Popular fitness influencers reviewed: Fab or flop?


Natalie Wei

Fitness influencers often advertise for rapid fitness transformations, promoting at-home workouts that thrive on Instagram and Youtube, especially during the pandemic. Along with its popularity, though, fitness culture is often clouded with misinformation. Over the past few months, staff writer Emilie Enser put four popular influencers and their workout programs to the test.

As I browse the internet for a good workout routine to follow, I’m bombarded with hundreds of video programs like Chloe Ting’s infamous “Get Abs in 2 WEEKS” — promising quick results and boasting “after” photos of perfectly toned muscles. Motivation for exercise fluctuates for all of us as we go through different periods of our life, and when it peaks, fitness influencers have made it their job to capitalize on this motivation and encourage people to stay active. From abs to high intensity interval training to toning arm workouts, there are hundreds of videos and programs to follow, each with different benefits and drawbacks.

However, it must be noted that many of their workout programs are advertised to give drastic results in short periods of time. Even when the programs are paired with a healthy diet, these expectations are still likely to be unrealistic and can negatively affect one’s mental health. In the past, if I didn’t see the physical results that I was promised, I became discouraged and didn’t want to continue. While many of the influencers show off impressive “before and after” pictures, it is important to remember that every body is different. In any case, it takes much longer than two weeks to form a habit, and I think that should be the main goal of these challenges.

“If a gym, trainer or class promises to make all your dreams come true in under six weeks, run—don’t walk—in the other direction,” certified personal trainer Lisa Snow told Healthline Media. 

However, having a program to follow can help create a healthy routine and is usually a good start in the right direction. For these reasons, I generally don’t discourage these programs. By shifting my mindset so that I am simply doing a “workout challenge” rather than working out for a “body transformation,” these programs are truly helpful. 

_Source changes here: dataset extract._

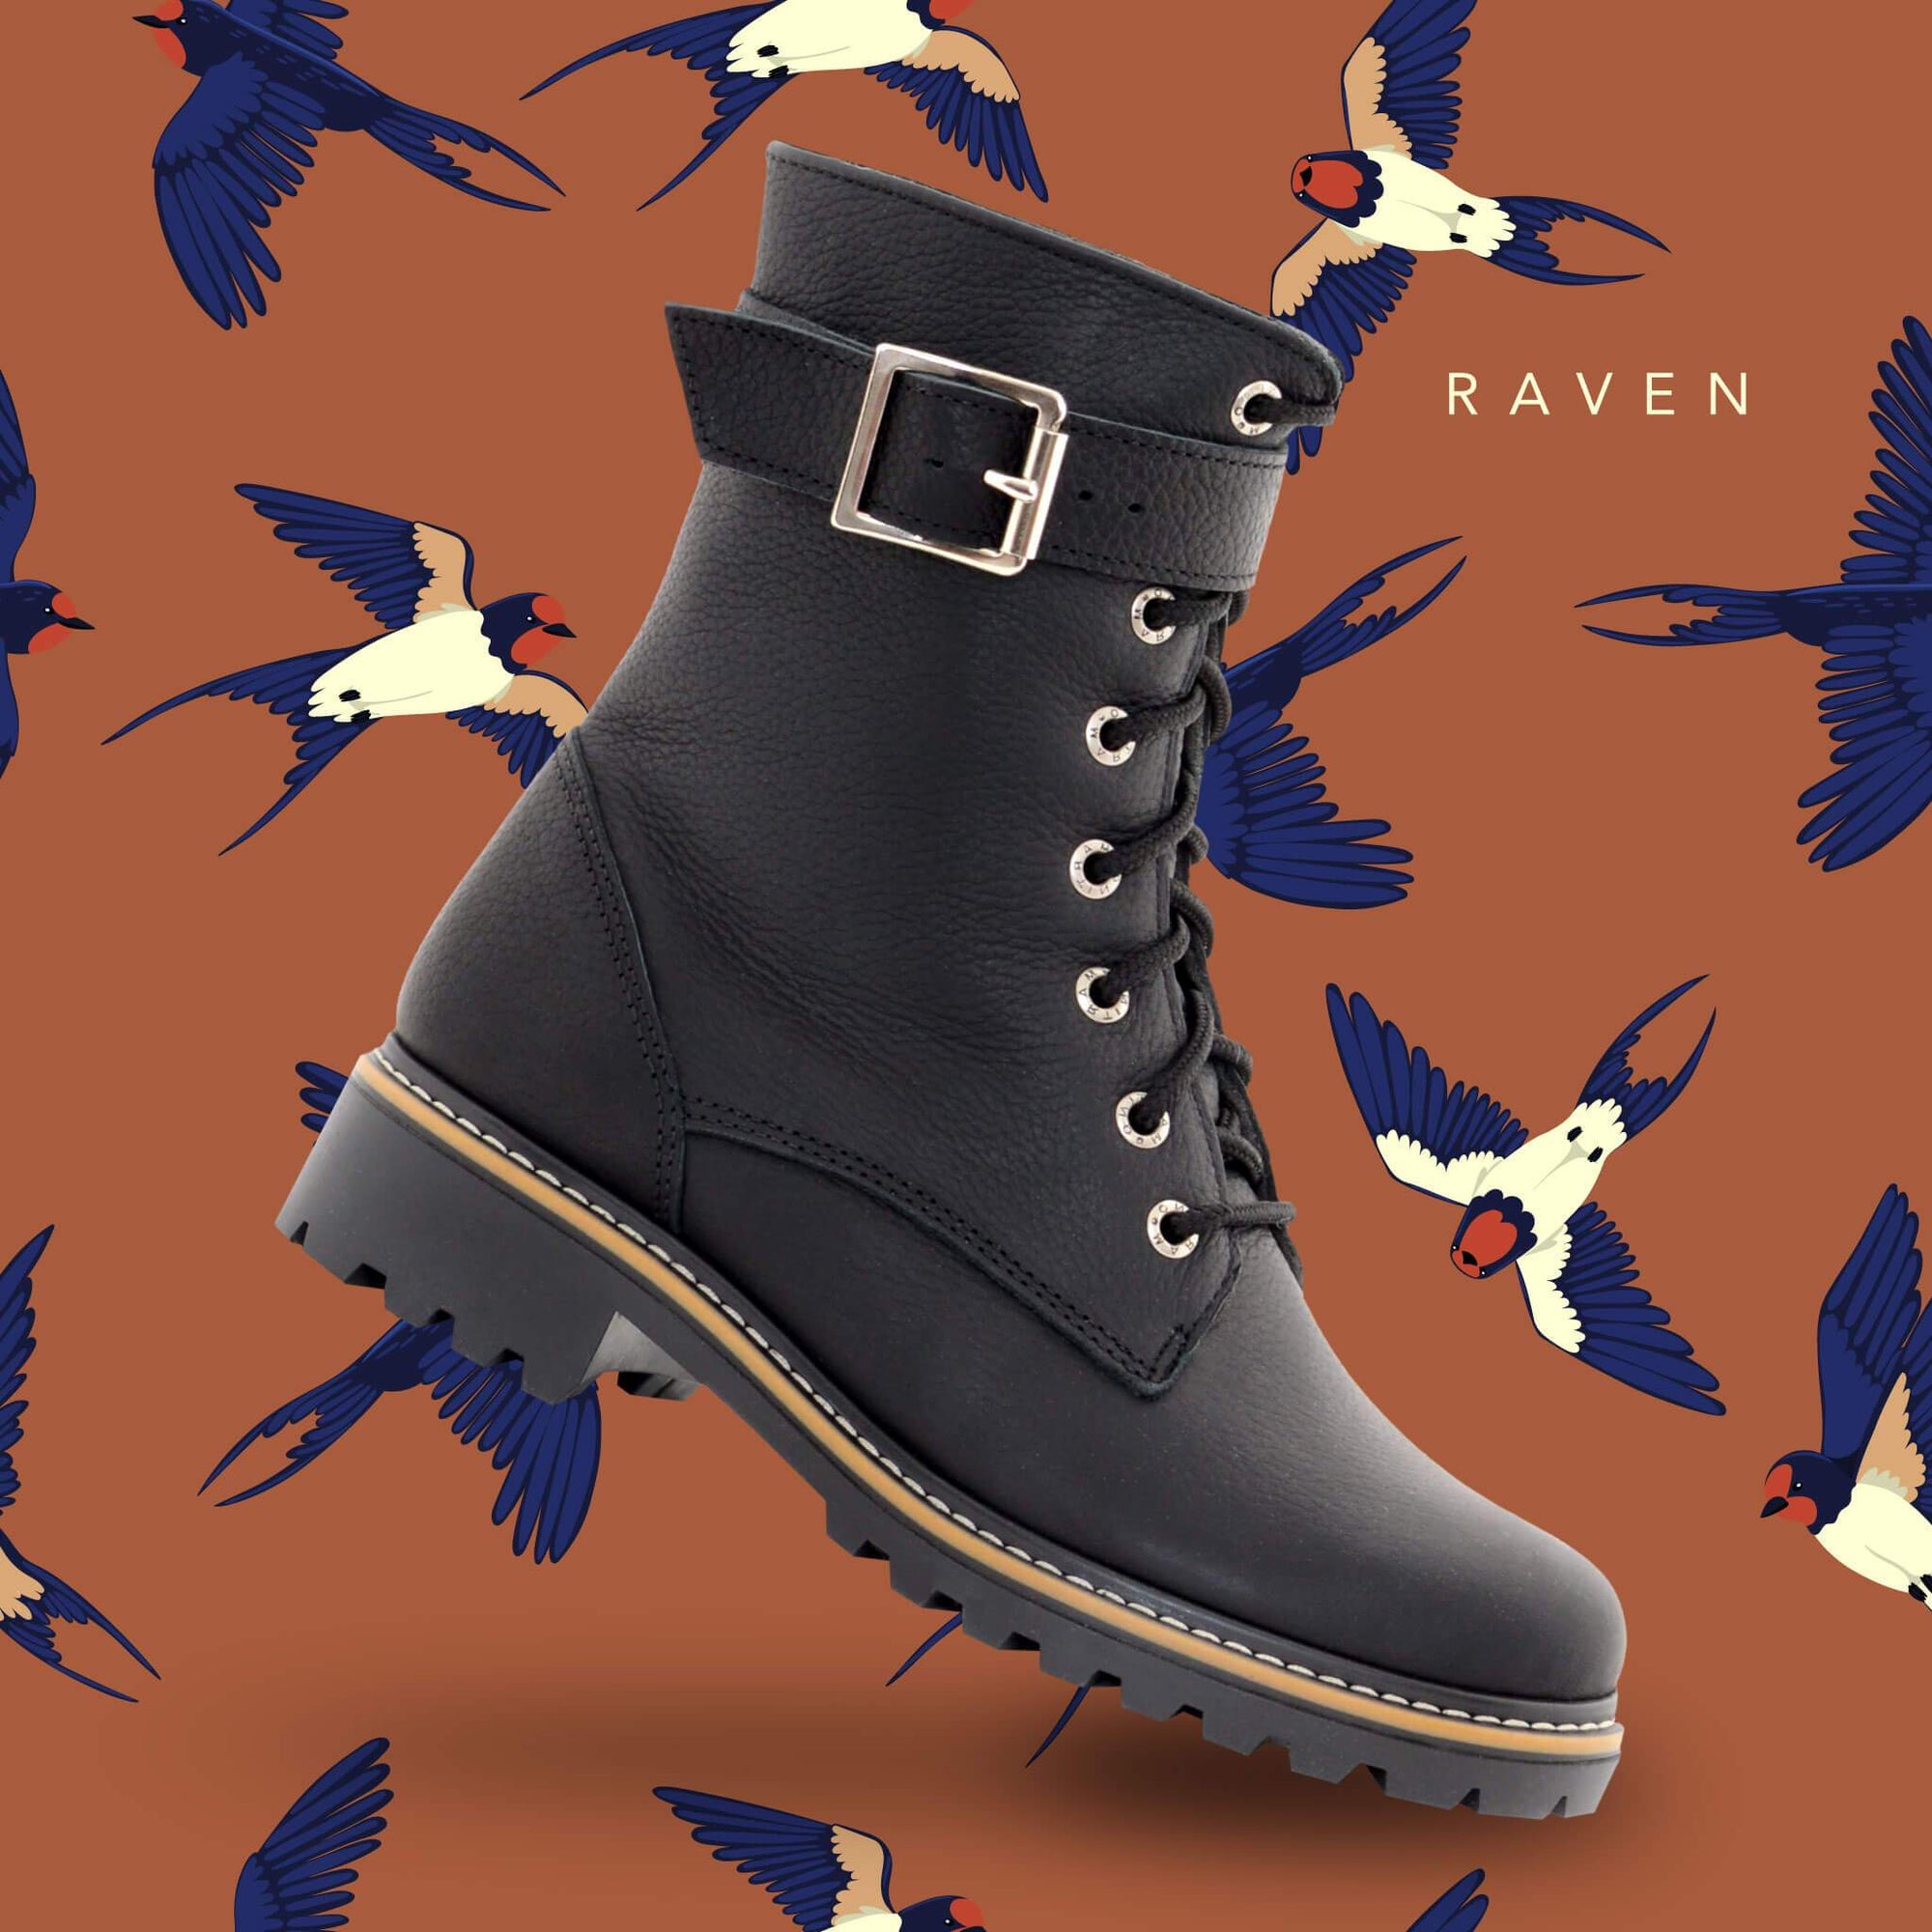 Raven 3-season boot for women - Tan

Having been an athlete my whole life, I’ve tried following a number of these programs. Between the enticing titles and shocking before and after photos, it can be difficult to know which programs are better and if any of them will even provide any results. To help the rest of you out, I’ve reviewed four programs from different fitness influencers that I’ve followed over the past year. 

Sydney Cummings

  • High-intensity, high-impact workouts
  • Typically cardio or HIIT oriented
  • 20–60 minute videos


  • Daily uploads provide tons of content
  • High-intensity, really gets your heart rate up for longer periods of time


  • Easy to burn out if attempting to do her workouts daily
  • Advertises the number of calories burned in the video titles; can contribute to a harmful mindset, and are not always accurate

Chloe Ting

  • Mostly muscle toning, but some cardio as well
  • 7–30 minute workout videos
  • Offers programs/challenges with multiple videos


  • Reliable workouts for any goal
  • Especially helpful for beginners or if you’re easing back into working out
  • Has premade programs with calendars and links to each days workouts to complete


  • May be too low-intensity for some
  • Many videos have the same or similar exercises, longer 25-day challenges may get repetitive

MadFit (Maddie Lymburner)

  • 10–30 minute workouts
  • Varied content with toning, cardio, dance workouts and stretching
  • Generally more low-intensity, good for supplemental workouts


  • Varied content keeps workouts entertaining
  • Usually gives the demonstration and explanation of all the exercises before the workout starts so that you know what’s ahead and understand the movements
  • Has a second account with lots of nutrition-based content and inspires clean eating (under the name Maddie Lymburner)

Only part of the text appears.